● TASK:
Each line below must be transcribed exactly, and no picture may appear in the transcription.

● DATA BLOCK:
──────────────────────────────

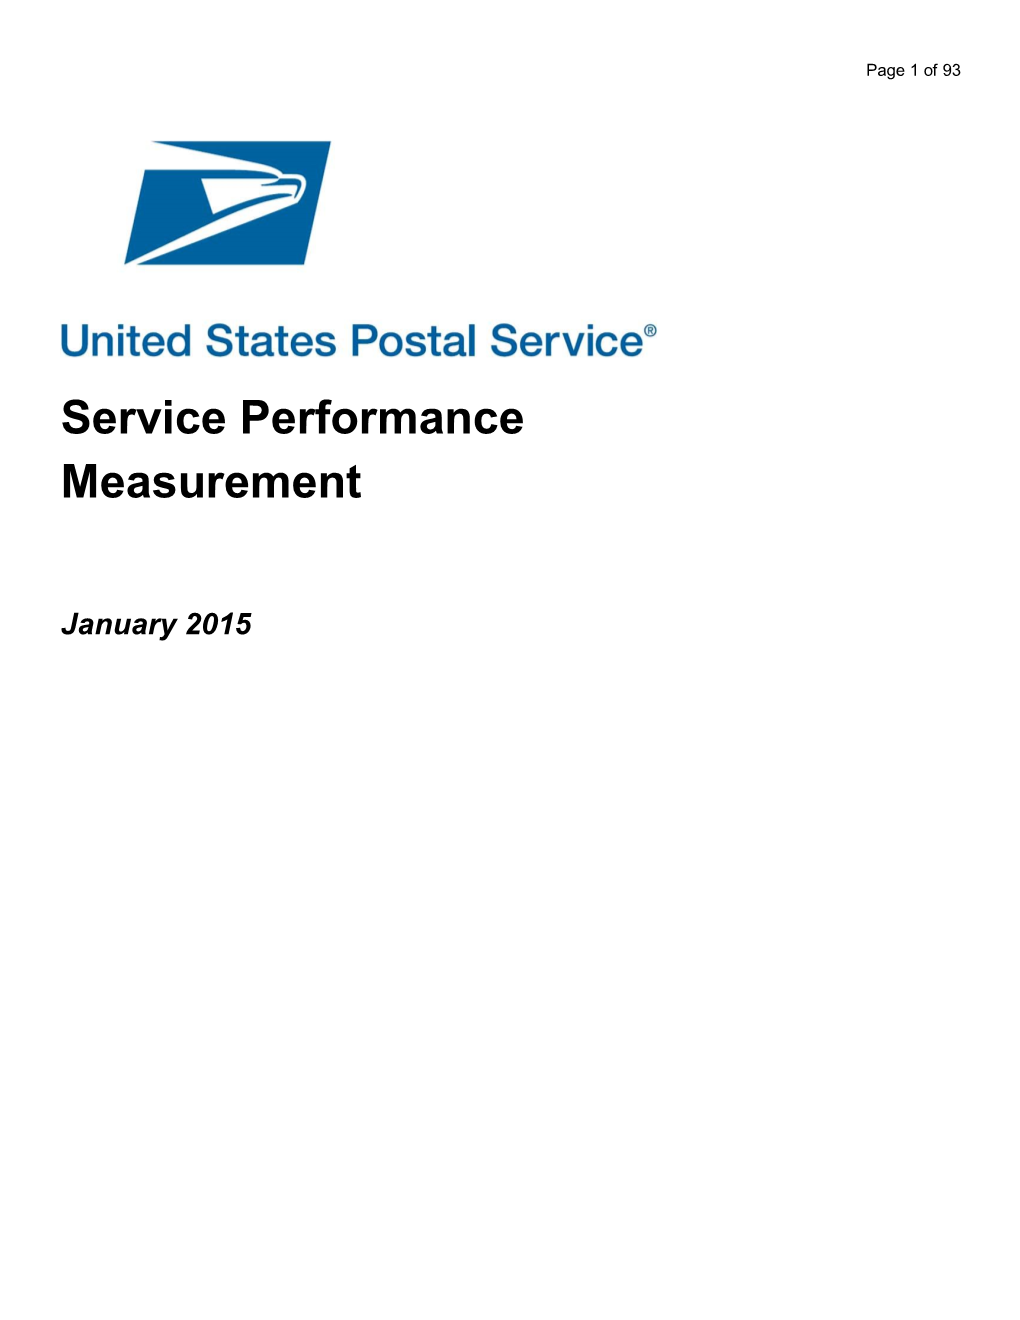 Service Performance Measurement
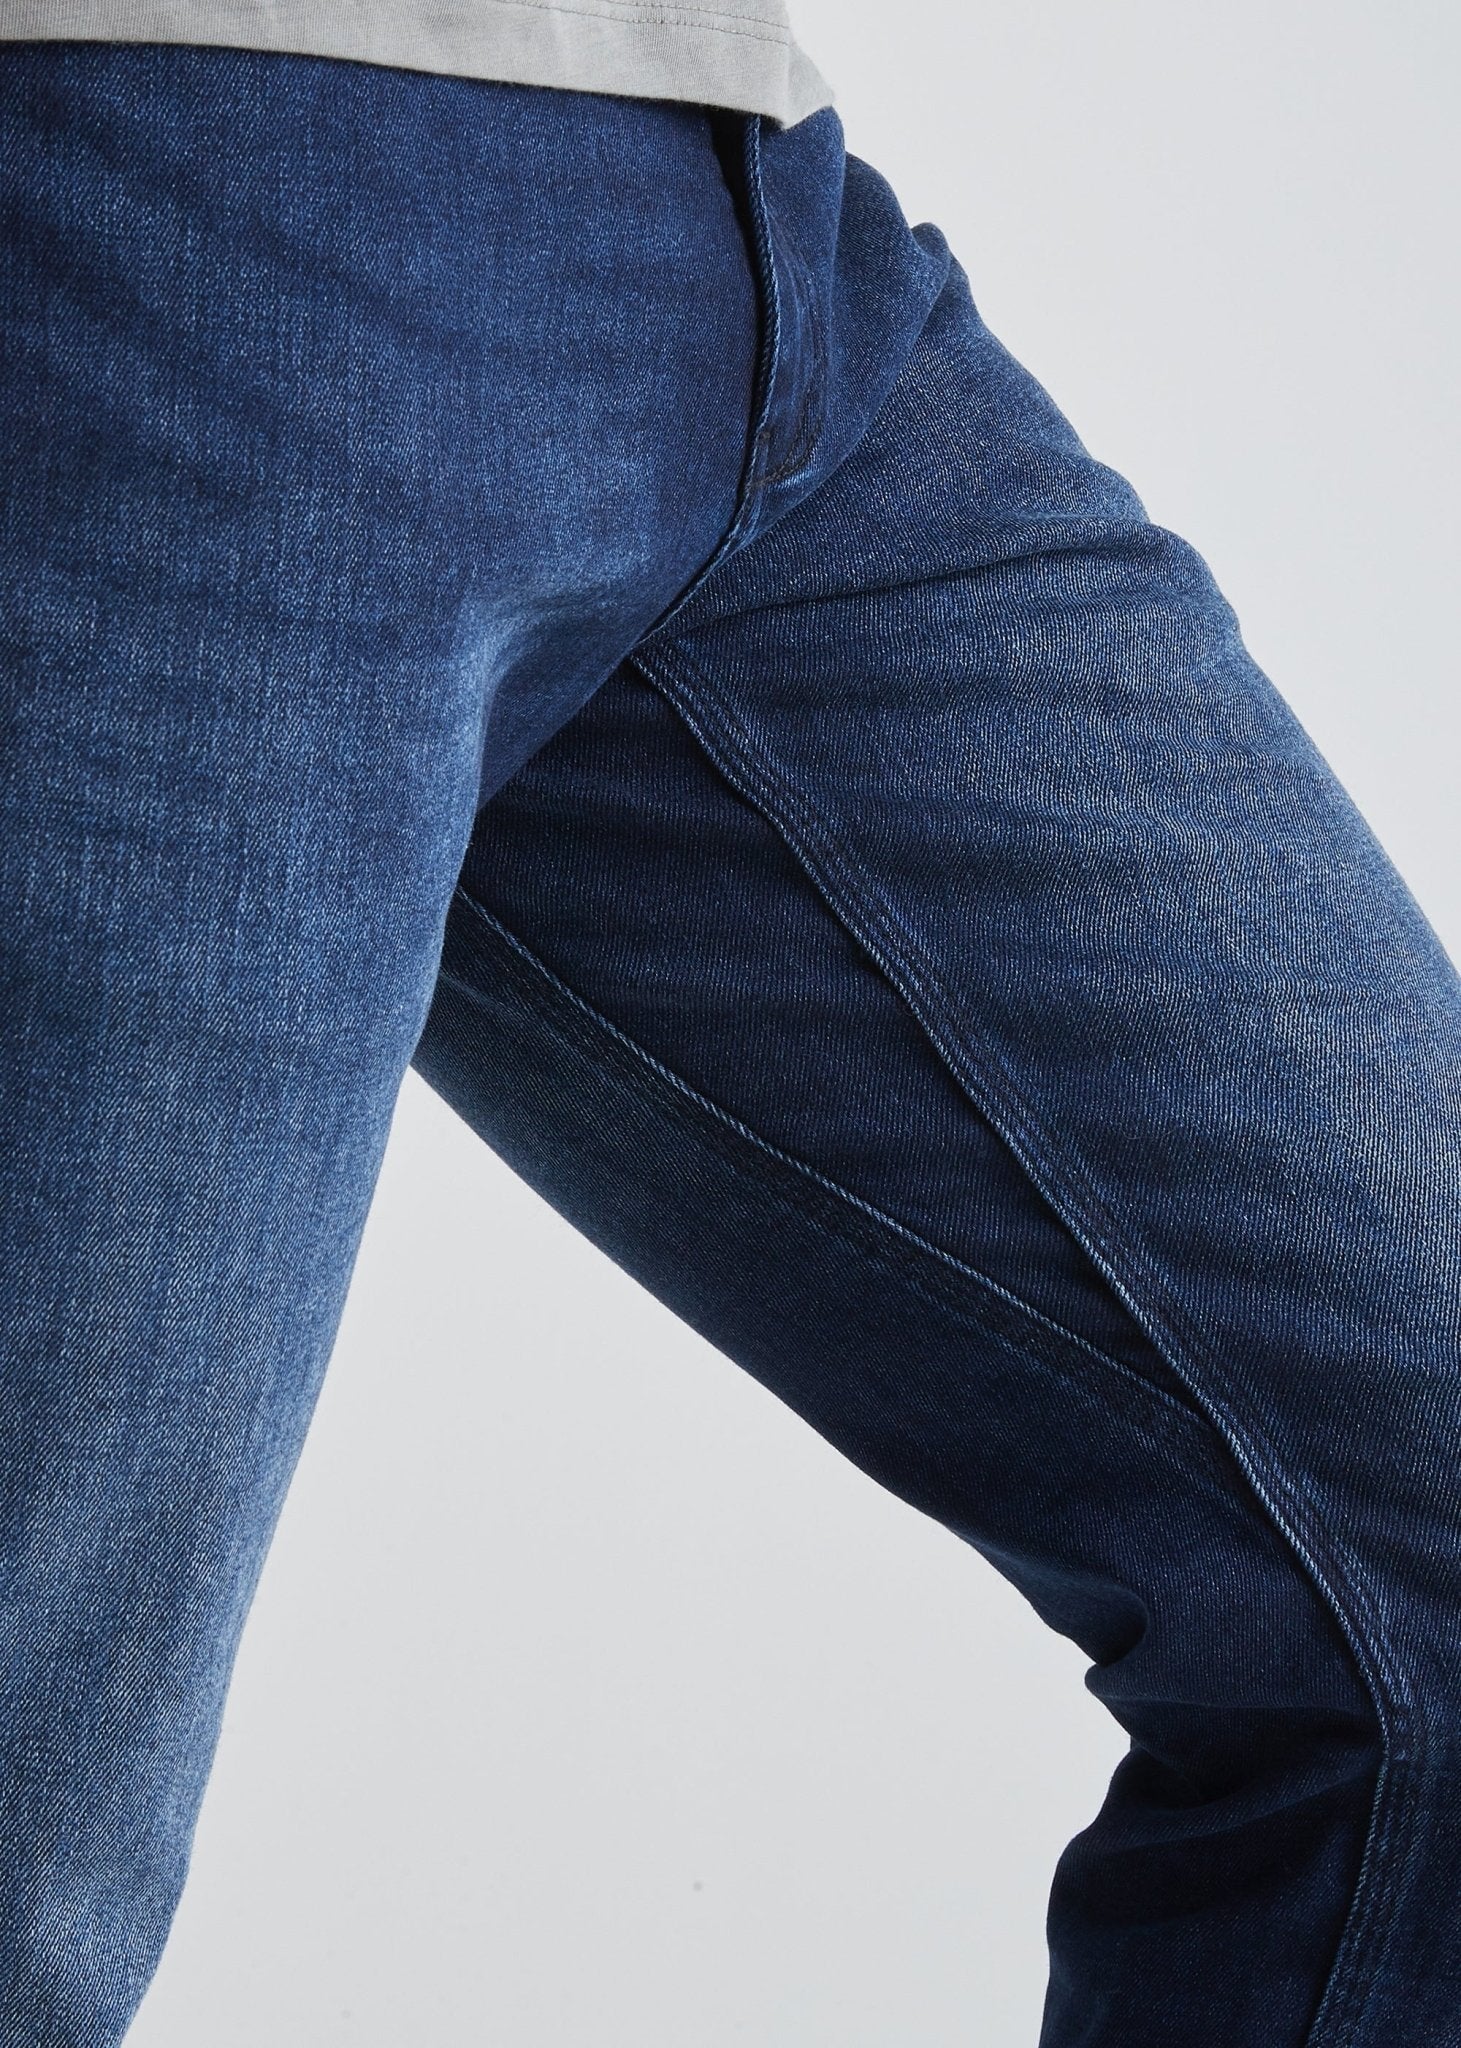 Men's Slim Fit Water Resistant Stretch Jeans
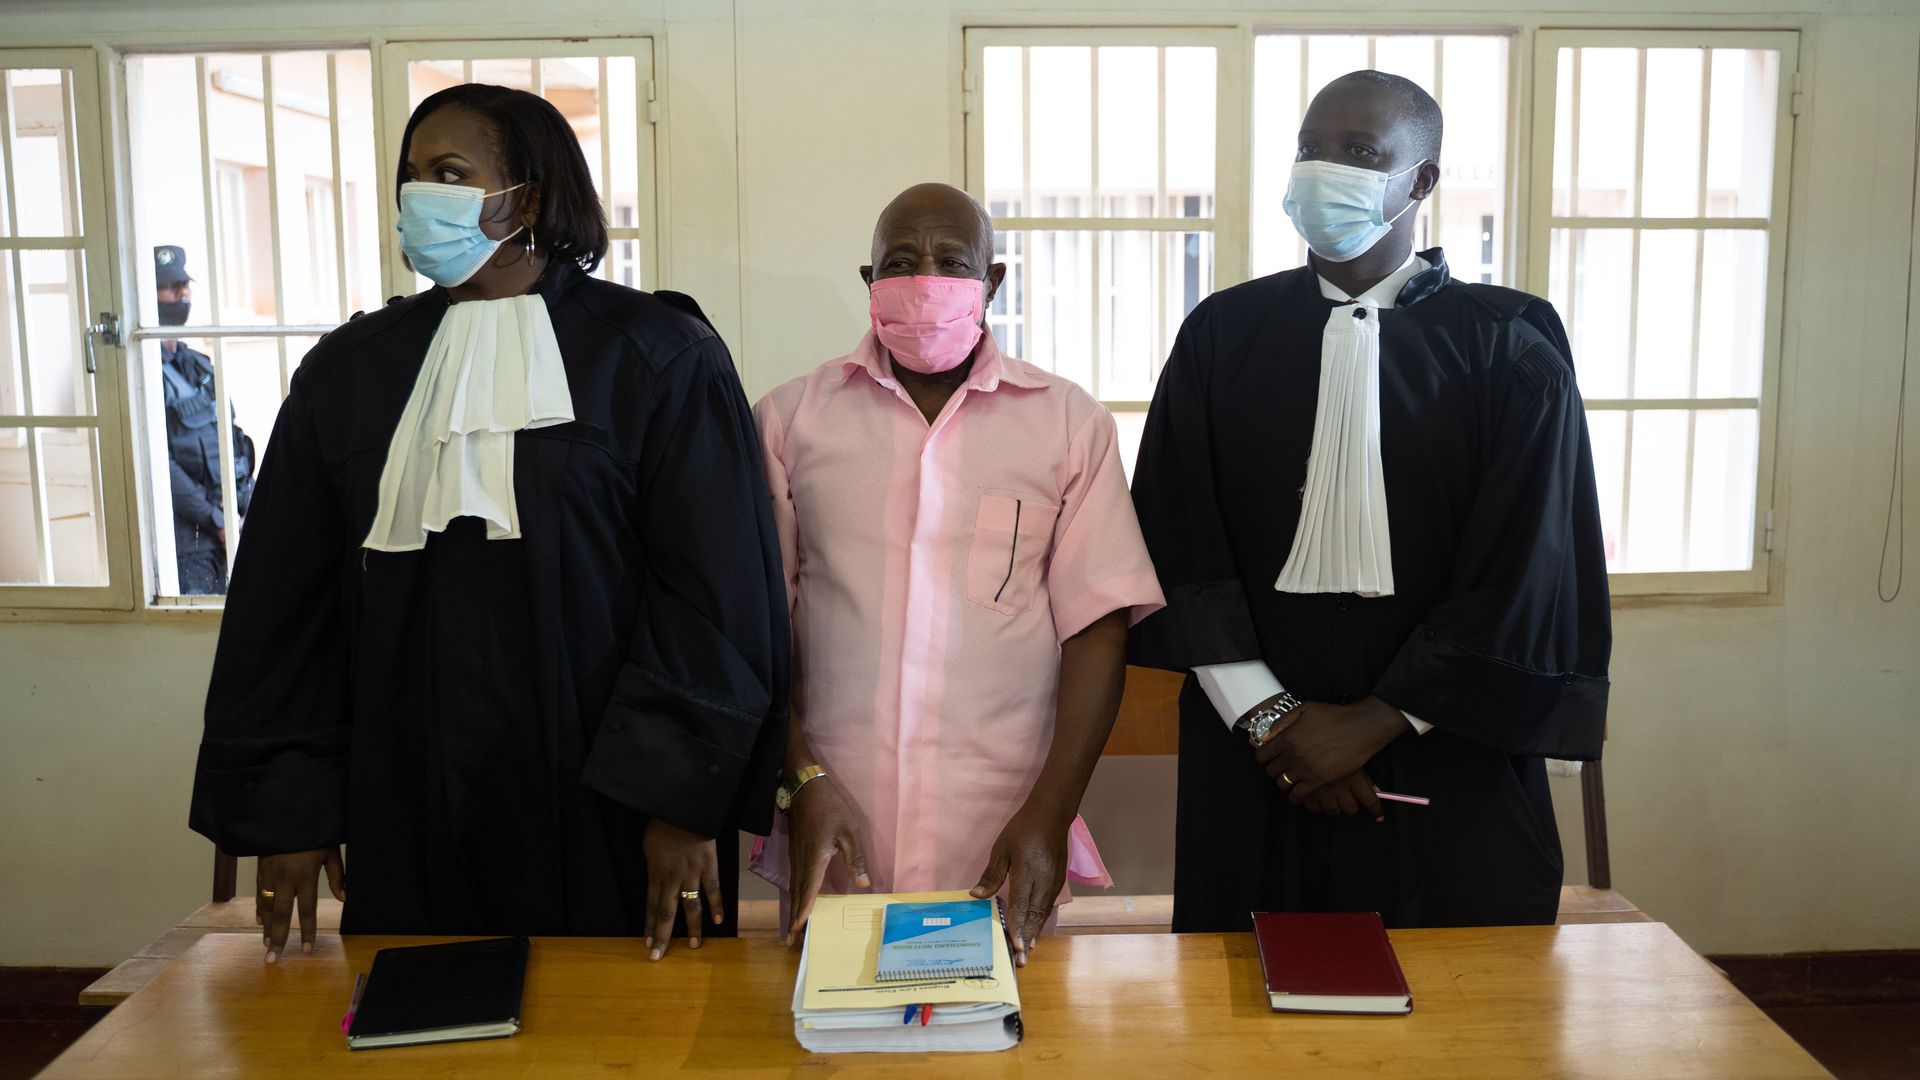 The hero of "Hotel Rwanda" is seen during his trial.

──────────────────────────────

● SOLUTION TO THE EXERCISE:
 Service Performance Measurement
 Men's Slim Fit Water Resistant Stretch Jeans
 The hero of "Hotel Rwanda" is seen during his trial.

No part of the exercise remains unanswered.